I have this very simple upload method to upload a file to a one-node hdp2.5 cluster:
Configuration conf = new Configuration();
FileSystem fs = FileSystem.get(new URI("webhdfs://hdsfhost:50070", conf);
fs.copyFromLocalFile(false, true, new Path(localFilePath), new Path(hdfsPath));
Tracing what happens the flow starts correctly:
- connect to hdfshost:50070,
- check if file already exists (no),
- connect to datanode.
That is where it fails: the datanode is found to be localhost:50075 instead of hdfshost:50075, resulting in a "java.net.ConnectException: Connection refused".
I have the following relevant settings on hdp:
- dfs.client.use.datanode.hostname => true
- dfs.datanode.http.address => 0.0.0.0:50075
- dfs.namenode.http-address => 0.0.0.0:50070
I could not find any reason why localhost is used instead of hdfshost (and there is no override in /etc/hosts, neither on the local machine neither on the cluster). Any help would be very appreciated.

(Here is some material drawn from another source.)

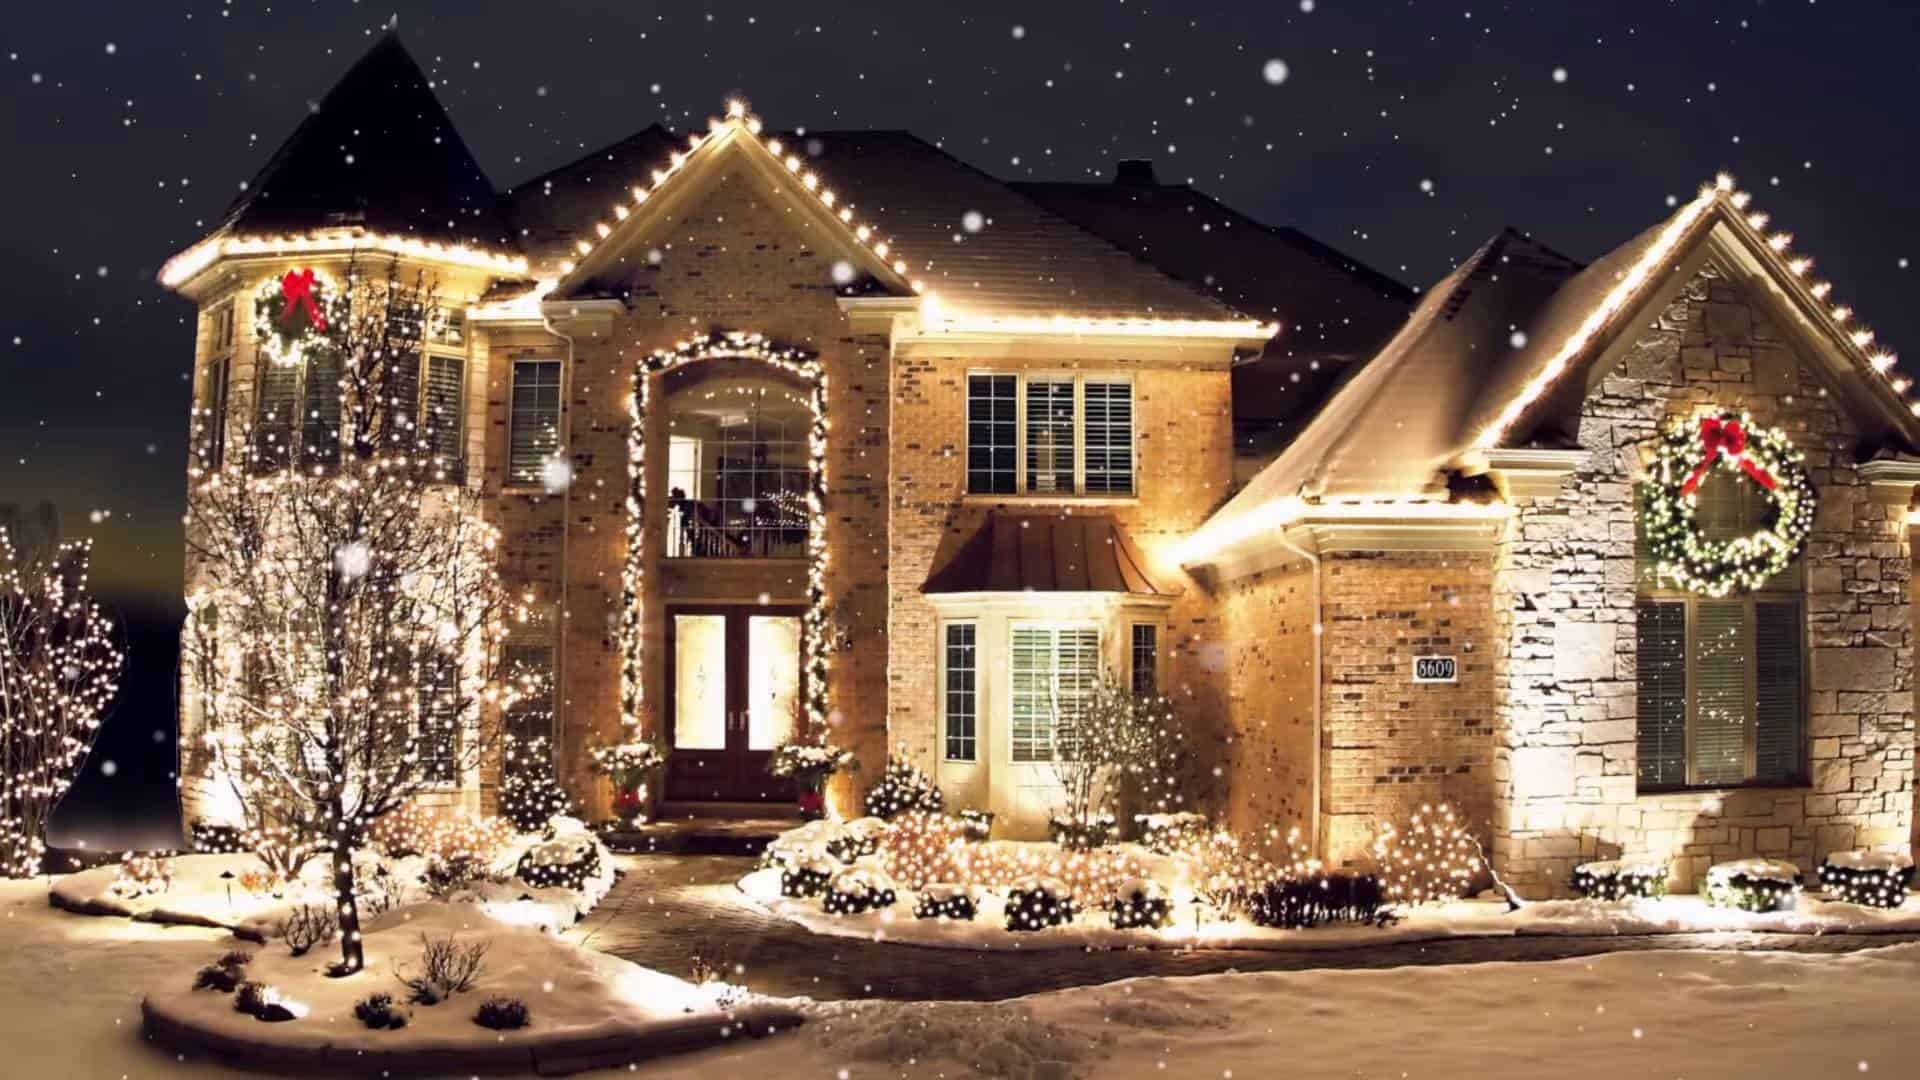 If you cant decide which light fixtures to incorporate on the outside of your home consider mixing and matching your favorite lights
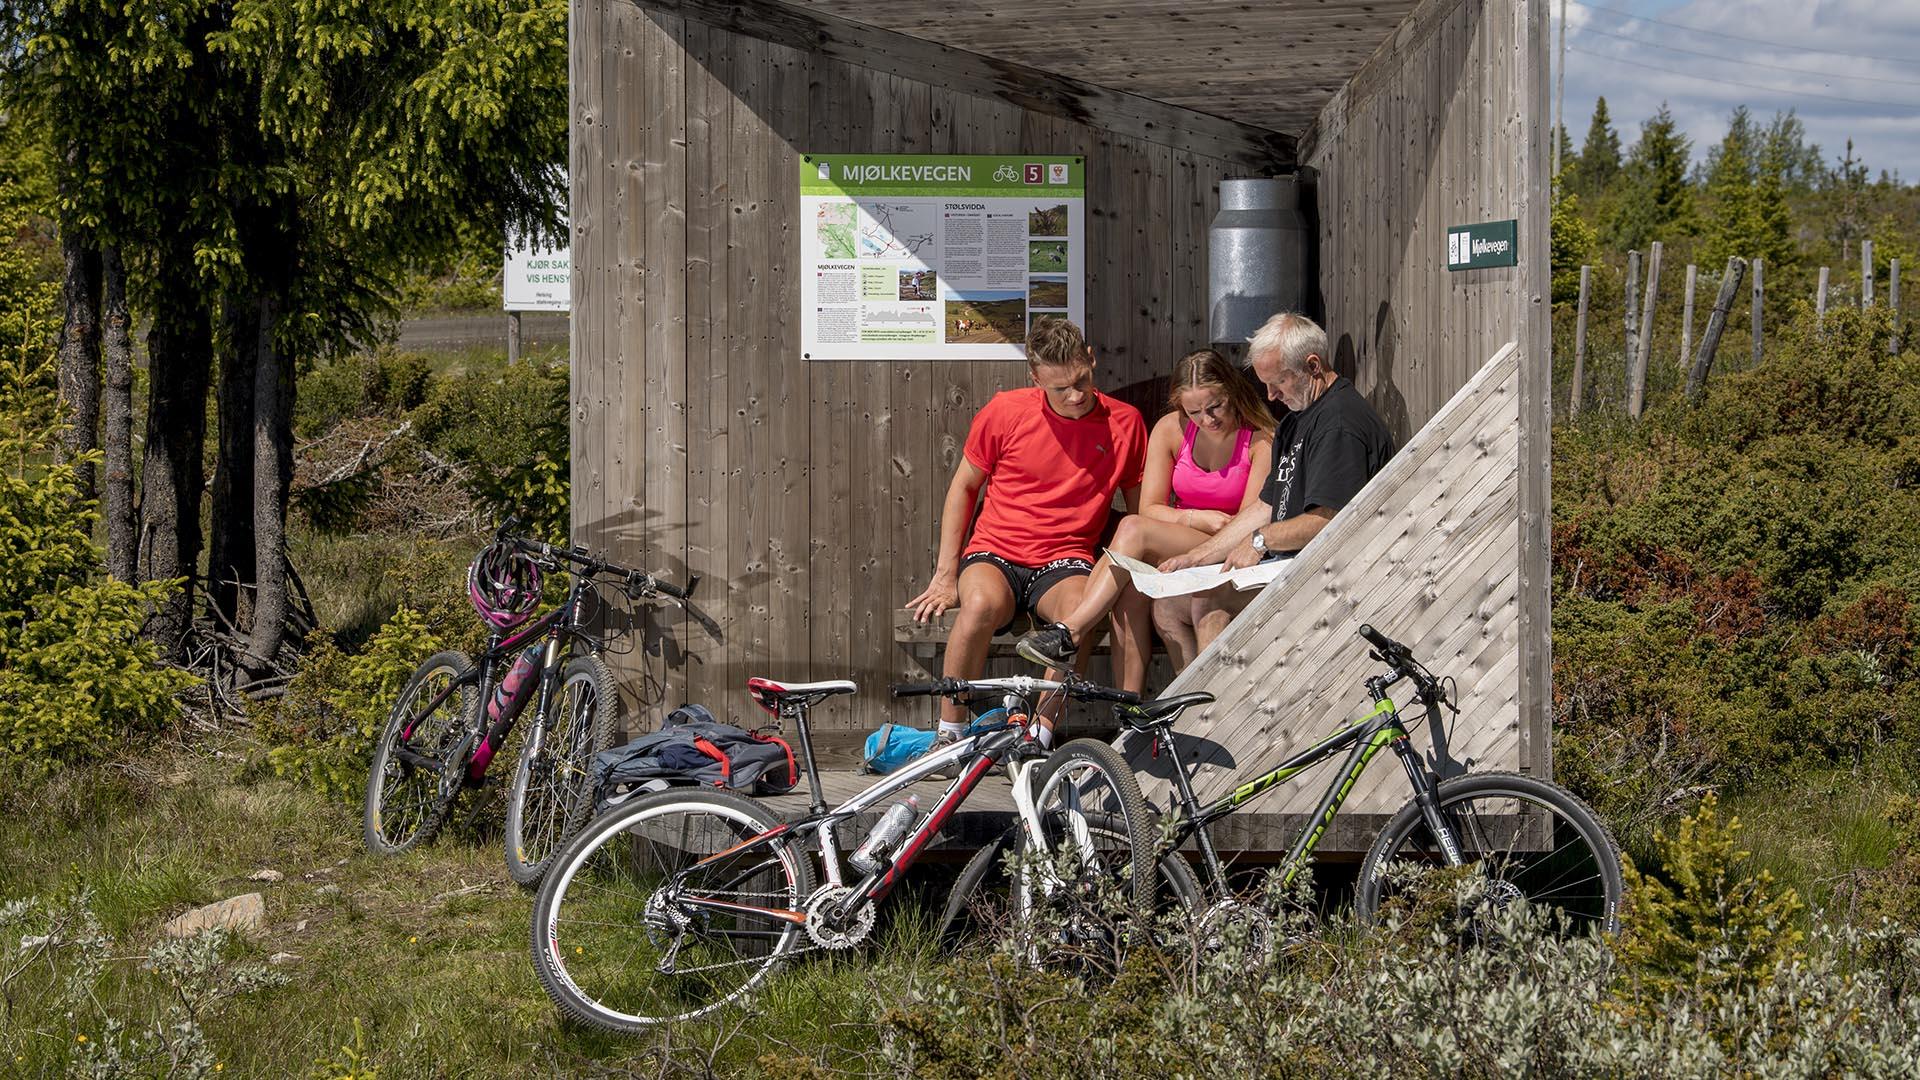 Three persons sit in a specially designed rest shelter along the cycling route Mjølkevegen.

You need to change your configuration of the http-address to your local IP address instead of 0.0.0.0. 0.0.0.0 gets resolved to localhost and will then be used by
dfs.client.use.datanode.hostname => true
while your local IP address will be resolved to the DNS name and then be used by hostname again.Since it works I will post this as an answer, thus I don't know if my reasoning for the solution is correct. If anybody knows the exact reason please add it as a comment or edit my answer.